Amber Ramirez

No. 23 – Arkansas
- Position: Point guard
- League: NCAA

Personal information
- Born: February 24, 1998 (age 28) San Antonio, Texas
- Listed height: 5 ft 9 in (1.75 m)

Career information
- High school: Wagner (San Antonio, Texas)
- College: TCU (2016–2018); Arkansas (2019–present);

Career highlights
- McDonald's All-American (2016);

= Amber Ramirez =

American basketball player (born 1998)

Amber Ramirez (born February 24, 1998) is an American basketball player with the Arkansas Razorbacks women's basketball team. She played her freshman and sophomore season with TCU In 2016 and 2017, then transferred to Arkansas. She sat out the 2018–19 season due to transfer rules, then played for Arkansas during her junior and senior years. Due to Covid rules, all active players were granted an additional year of eligibility, so she is playing in the 2021–22 season as a redshirt senior.

==High school==
Ramirez attended Karen Wagner High School in San Antonio, Texas, where she played basketball. In her junior year, she was selected to be a member of the 2015 Express-News All-Area basketball team and was named the player of the year. She helped lead the team to the state tournament appearance for the second year in a row, scoring 26.9 points per game, and hitting over 40% of her three-point attempts. During the state tournament, she hit eight three-pointers in one game to set the state tournament record. ESPN graded her as a five star recruit, their highest ranking. She initially decided to attend Oklahoma State, but then decided to reopen her recruitment and ended up signing with TCU. Ramirez was selected to play in the McDonald's All-American Game in 2016. She also participated in the three-point shootout, winning the contest. She was also included in the Legends and Stars Shootout, paired with Candice Wiggins and Jayson Tatum who would go on to play for the Boston Celtics. Ramirez hit a half-court shot which resulted in a win for her team. Ramirez ended her high school career with 2,769 points, the second highest point total in the city of San Antonio history.

==USA Basketball==
===2016 3x3 U18 Astana, Kazakhstan===
Ramirez was selected for the under 18 3x3 basketball team which played in the world championships in Astana, Kazakhstan. She helped the team win the silver metal in the tournament.

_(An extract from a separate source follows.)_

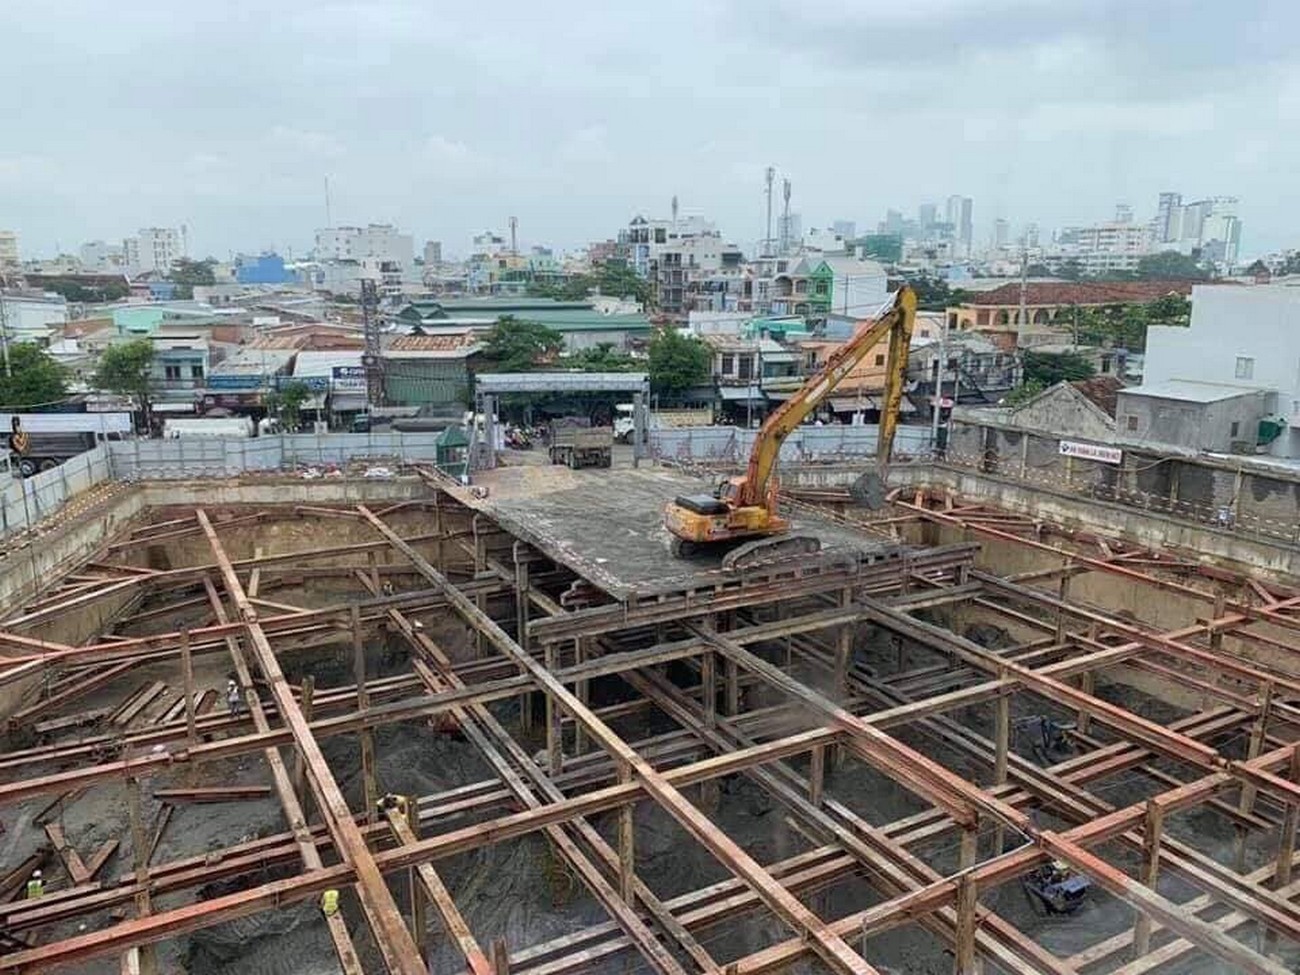 Tiến độ xây dựng tháng 09/2020 Imperium Town Nha Trang

===2016 U18 Valdivia, Chile===
A month after competing in the 3x3 tournament in Kazakhstan, Ramirez was selected to be a member of the USA under 18 team to compete in the Americas championship for women in 2016. Ramirez started all five games, averaging 10.8 points per game third-best on the team and help the USA when all five games in the gold medal at the tournament in Valdivia, Chile.

==College career==
===2016–17 TCU===
As a freshman, Ramirez played in 23 of the team's 30 games, missing seven due to a midseason injury. She averaged 8.3 points per game good enough for third place among all conference freshmen. In her game against Butler she scored 19 points, hitting five of eight three-pointers which earned her the Big 12 Freshman of the Week award. She hit 85% of her free throws for the season.

===2017–18 TCU===
As a sophomore, Ramirez played in all 36 games, starting 23 of them. She averaged 10.4 points per game. In the game against southeastern Louisiana she made 11 of her three-point attempts setting a single-game record for both TCU and the Big 12. She helped her team earn an invitation to the 2018 Women's National Invitation Tournament, where they won their first four games, and lost to the eventual champion, Indiana in the semi-finals.

===2018–19 Arkansas===
Ramirez transferred to Arkansas, but sat out the season due to NCAA transfer rules. 8

===2019–20 Arkansas===
In her junior year, she averaged 14.7 points per game, hitting 44.7% of her three-point attempts. This set the single-season record for the Arkansas program. She had 106 three-pointers over the course of the season which placed her second in the NCAA for the season, and set a single-season record for Arkansas. She recorded her 1000th career point in the SEC tournament.

===2020–21 Arkansas===
Ramirez had one of her best career performances on senior day against Alabama, scoring 35 points for a career-high. She hit eight three-pointers helping the team to record 19 threes which is a single-game SEC record. This was a challenging season due to Covid causing cancellation of many games. For example, UConn's originally scheduled games against Louisville, Baylor and Providence, all of which were canceled. UConn wanted to add a game, an unusual occurrence during most seasons. Arkansas had also lost a game due to Vanderbilt's decision to end their season, so the two teams decided to meet on January 28, 2021. UConn was undefeated and ranked number three in the AP poll while Arkansas was 11–5 and ranked number 19 on the day of the game. Arkansas beat UConn 90–87, with Ramirez scoring 22 points.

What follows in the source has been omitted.